● **WHAT THE TASK ASKS**
With pictures removed, the data below should be returned exactly.

● **DATA SHOWN**
++++++++

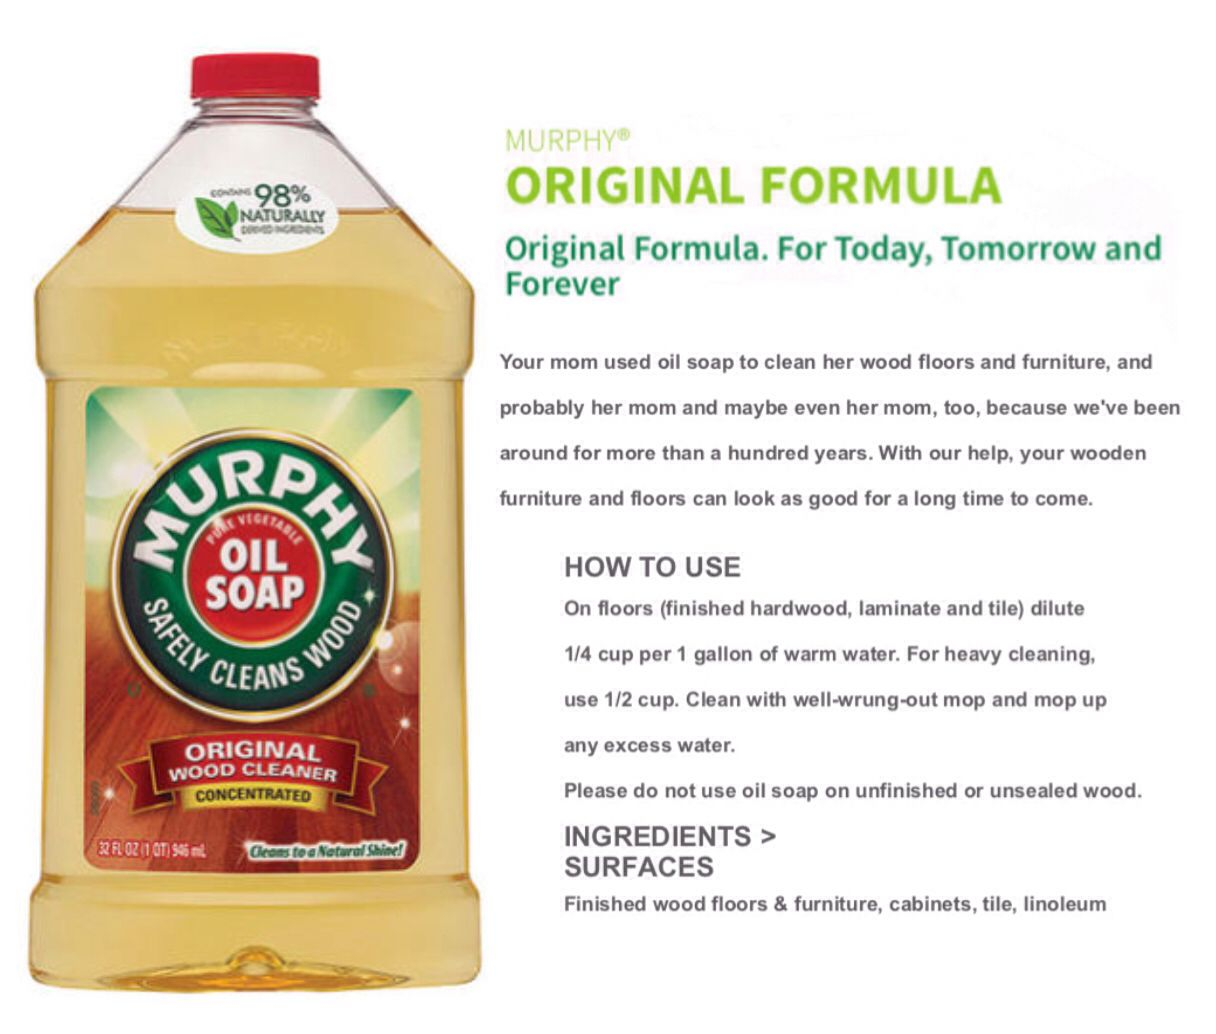 Murphy Oil Soap Reviews
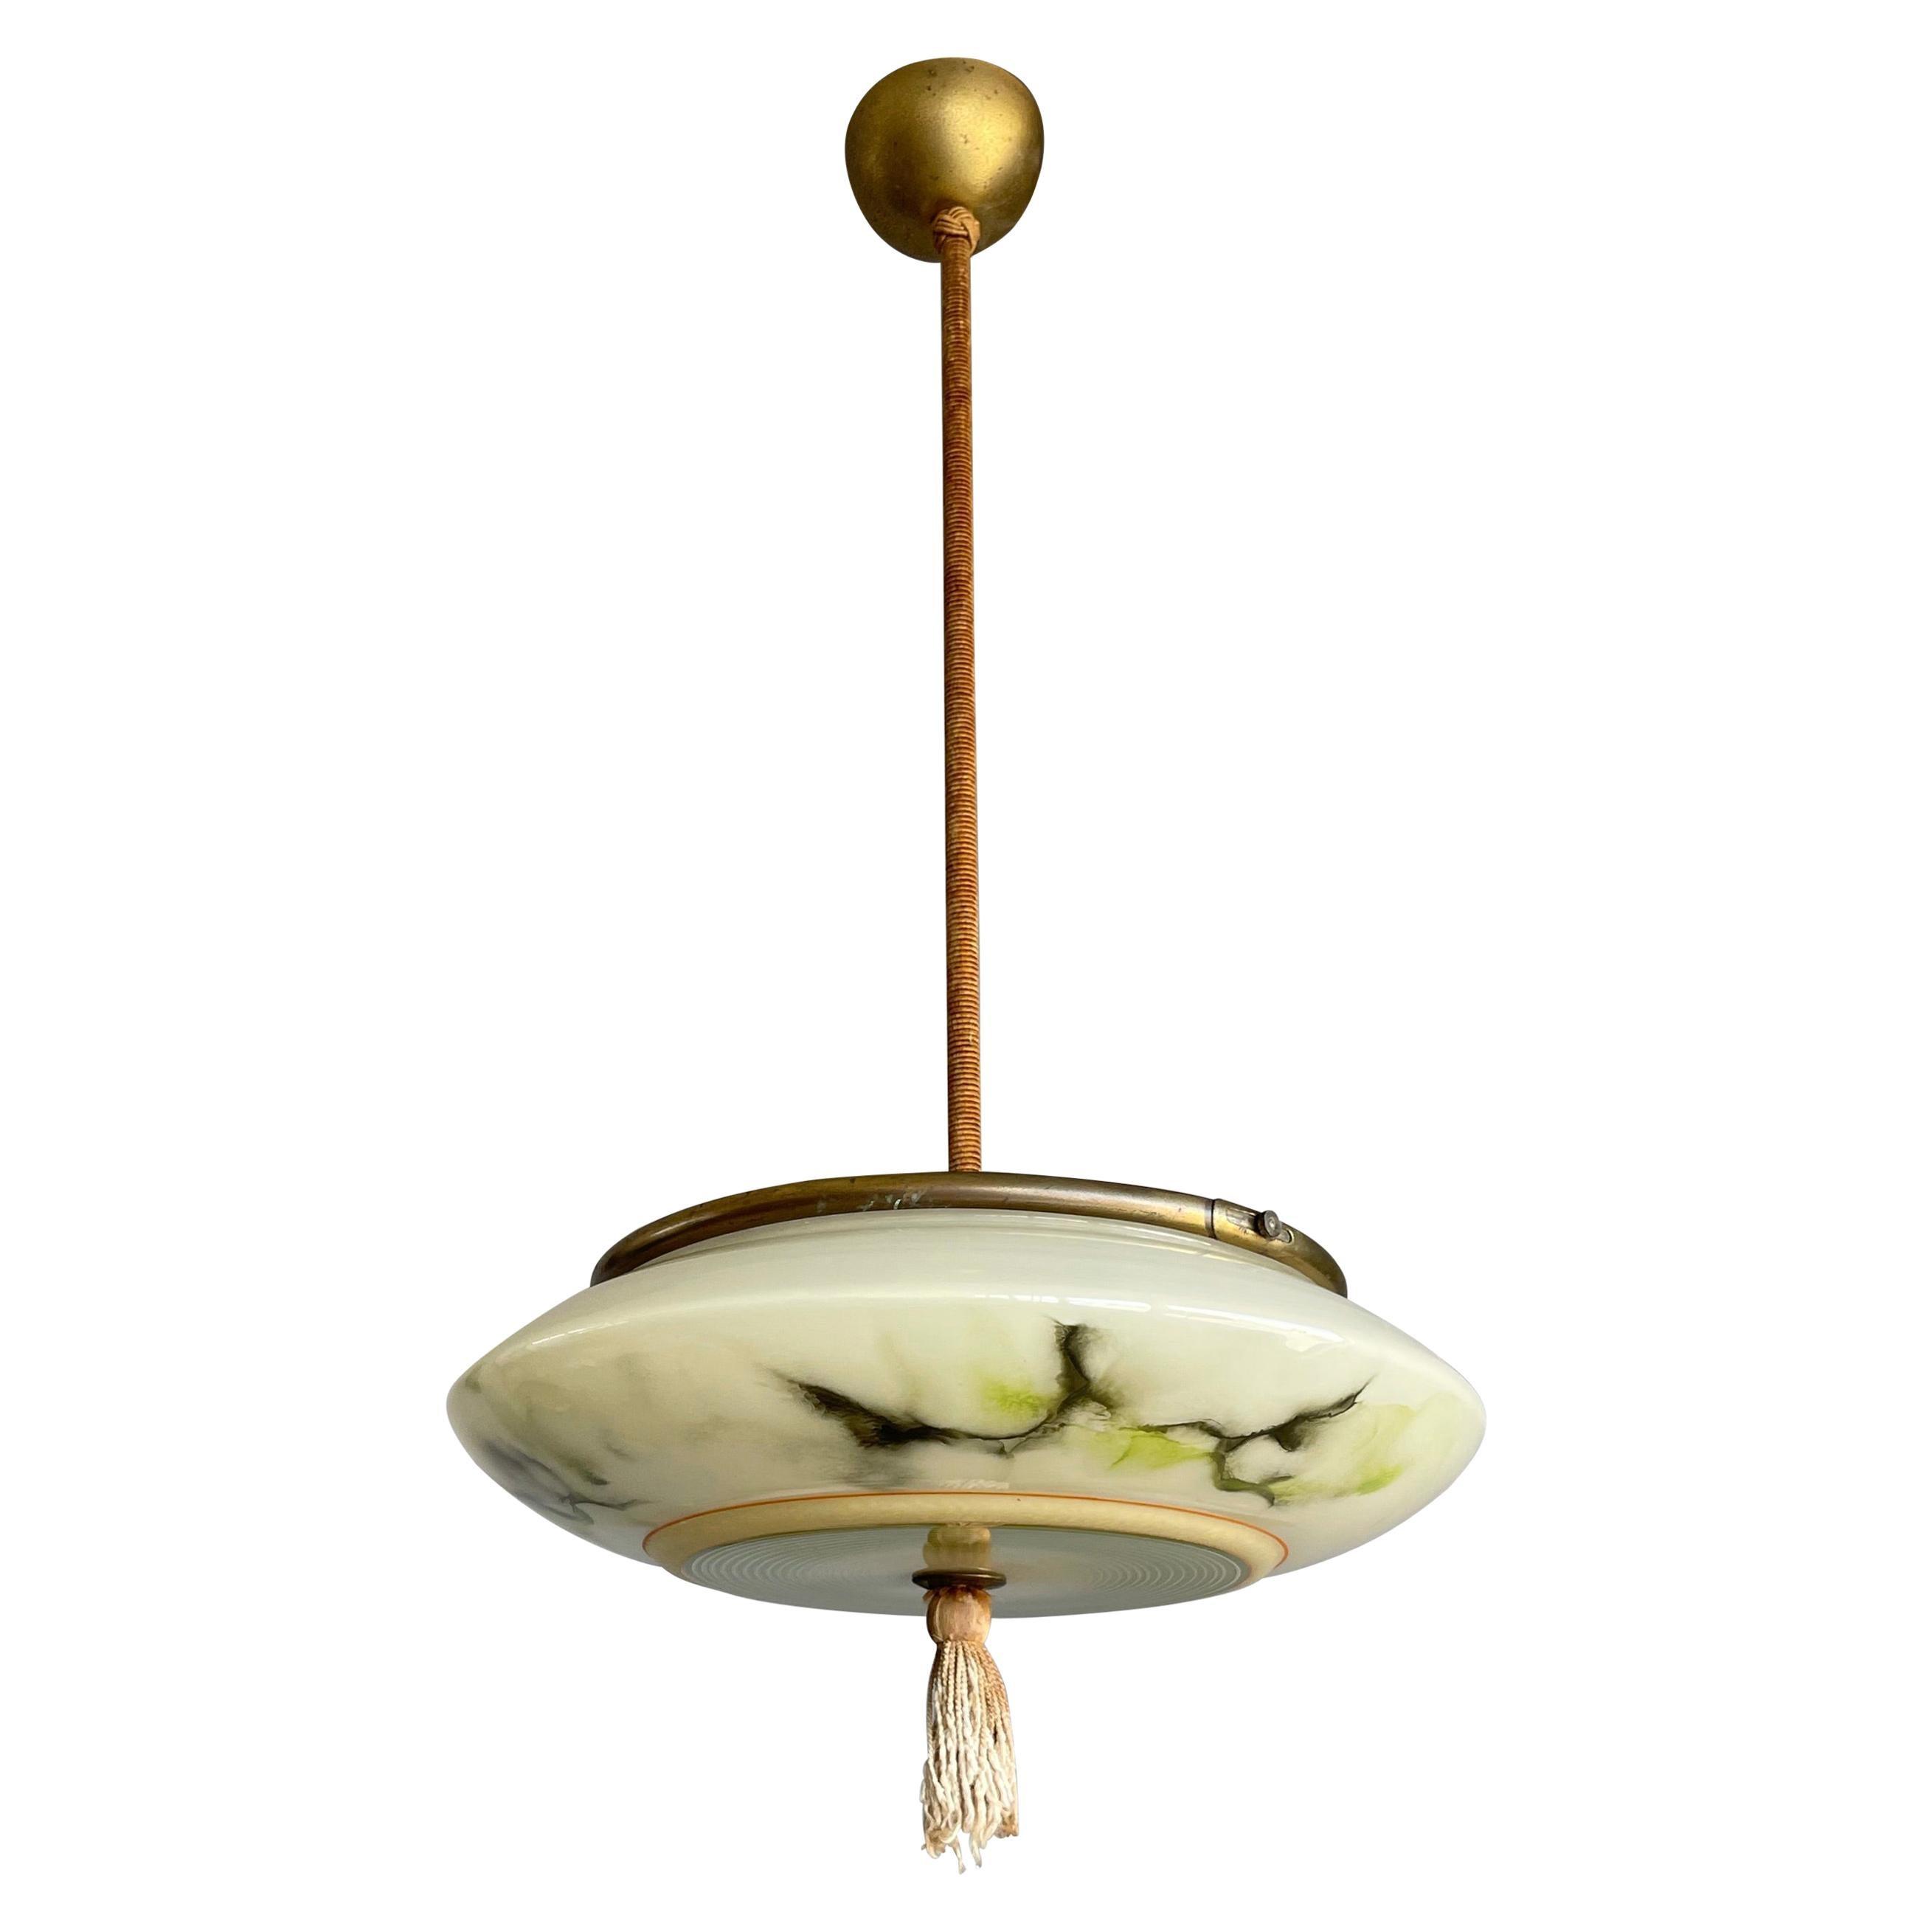 Art Deco Glass Pendant Light / Flush Mount w. Tassle & Transparent Glass Top
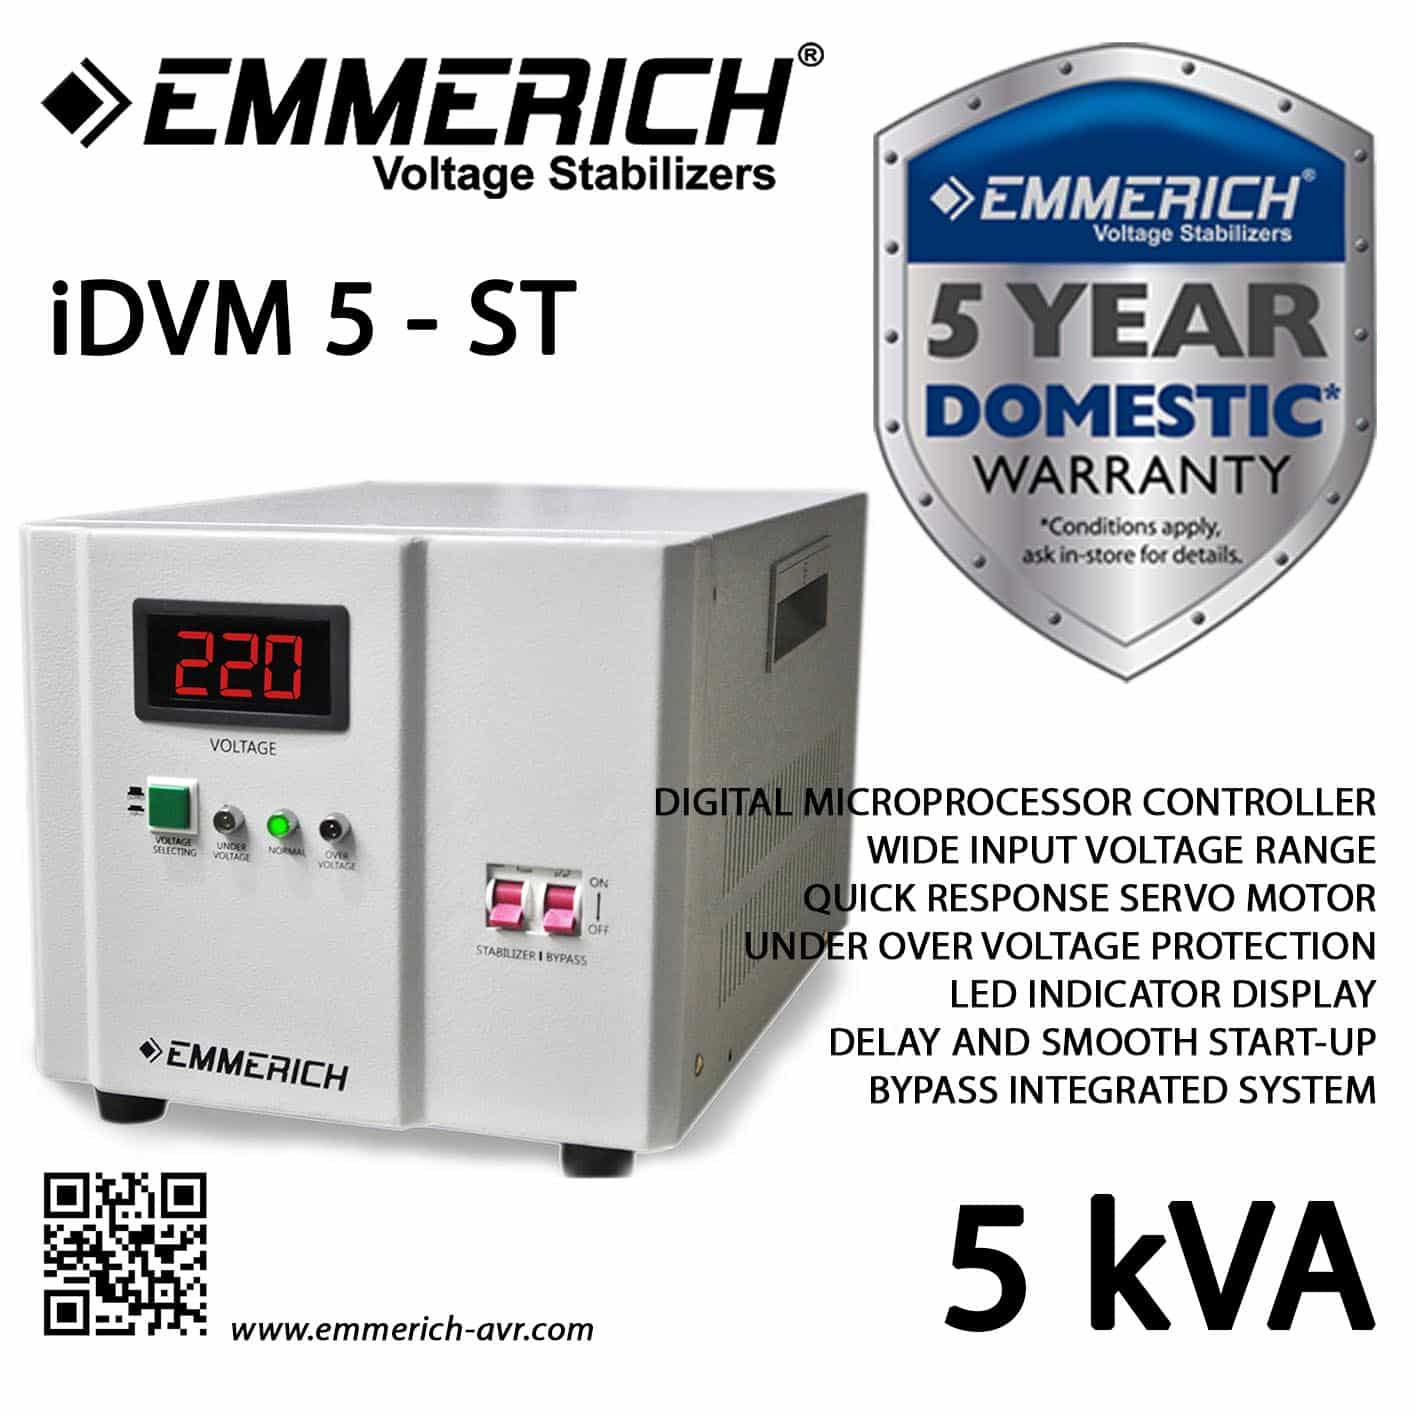 Emmerich-5KVA-IDVM-5-5-ST

++++++++

● **EXERCISE RESPONSE**
 Murphy Oil Soap Reviews
 Art Deco Glass Pendant Light / Flush Mount w. Tassle & Transparent Glass Top
 Emmerich-5KVA-IDVM-5-5-ST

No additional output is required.